Figure 8
Selective regulation of spastin activity by TTLLL11 controls zebrafish motor circuit wiring and larval motility.
(A) Upper panels: Immunolabelling of sMN axon tracts using Zn-5 antibodies in 72-hpf Tg(Hb9:GFP) larvae injected with MOCtl (n = 69), MOspATG (n = 79) or co-injected with MOspATG and mouse TTLL6 (n = 63) or TTLL11 (n = 78) mRNAs. Dotted lines delineate lateral myosepta. Lower panels: Tracking analysis of 72-hpf larvae injected with MOCtl (n = 71), MOspATG (n = 90) or co-injected with MOspATG and mouse TTLL6 (n = 98) or TTLL11 (n = 124) mRNAs in a touch-escape response test. Each line represents the trajectory of one larva after touch stimulation while the distance between two dots indicates the distance covered by a larva between two consecutive frames.

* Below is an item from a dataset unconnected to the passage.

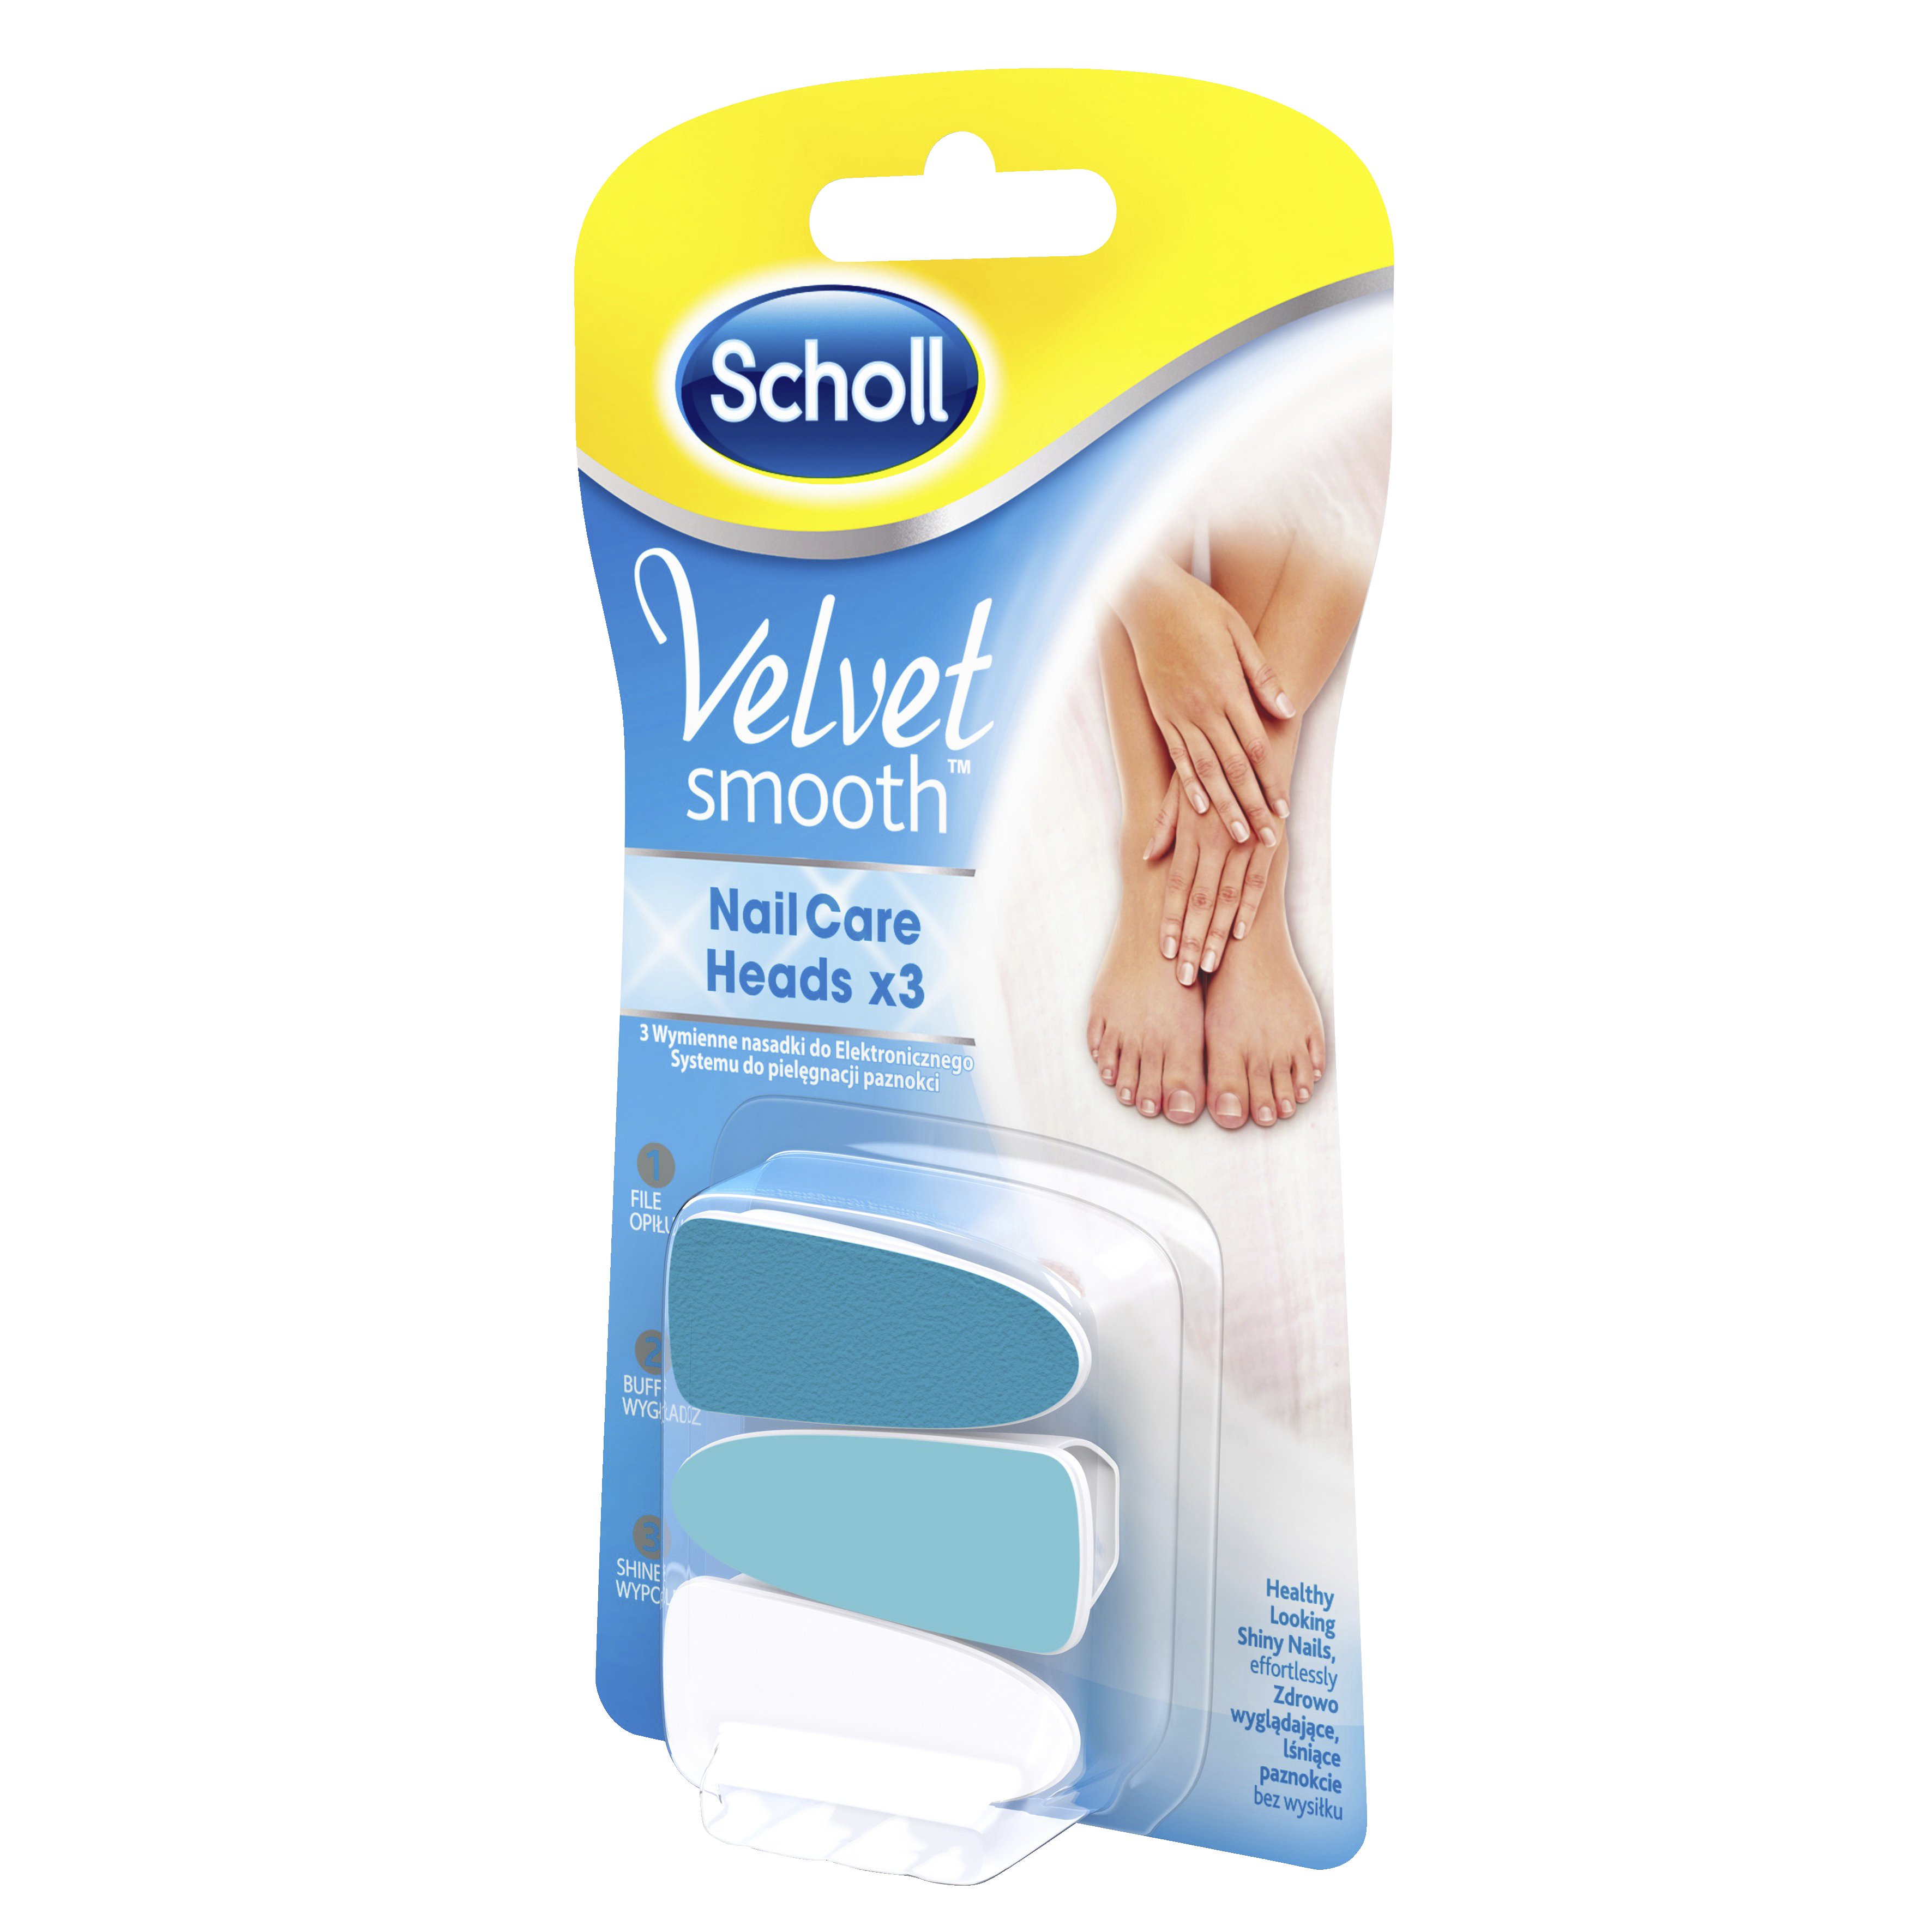 Scholl Velvet Smooth negleplejehoveder SCHOLL3019219 - Manicure og ...

Scale bar: 5 mm. (B–D) Quantifications of the sMN (B) and locomotor defects (C, D) of larvae analysed in (A) and pooled from three independent experiments. (B) Mean number of abnormal rostral nerves. (C, D) Mean swimming speed (C) and covered distance (D). (E) Immunolabelling of sMN axons in 72-hpf sp+/+ (n = 52), spC68X/C68X (n = 34) and spC68X/C68X larvae injected with mouse TTLL6 (n = 47) or TTLL11 (n = 49) transcripts using Zn-5 antibody. (F, G) Quantifications of rostral nerve defects in larvae analysed in (E) and pooled from three independent experiments. (F) Percentage of larvae with rostral nerve defects. (G) Mean number of abnormal rostral nerves (i.e., defasciculated or missing) per larva. (A, E) Full and empty arrowheads, respectively, point at normal and defasciculated/missing rostral nerves. Full arrows in (E) indicate caudally oriented “rostral” nerves. Scale bar: 50 μm. (B, F, G) Non-blind quantifications were performed on 24 spinal hemisegments located around the yolk tube per larva. (B–D, G) Violin Plots; horizontal bars indicate the median ± the 1st and 3rd quartiles. Kruskal–Wallis ANOVA test with Dunn’s post hoc test. (F) Chi2 test. P values are displayed on graphs. Source data are available online for this figure.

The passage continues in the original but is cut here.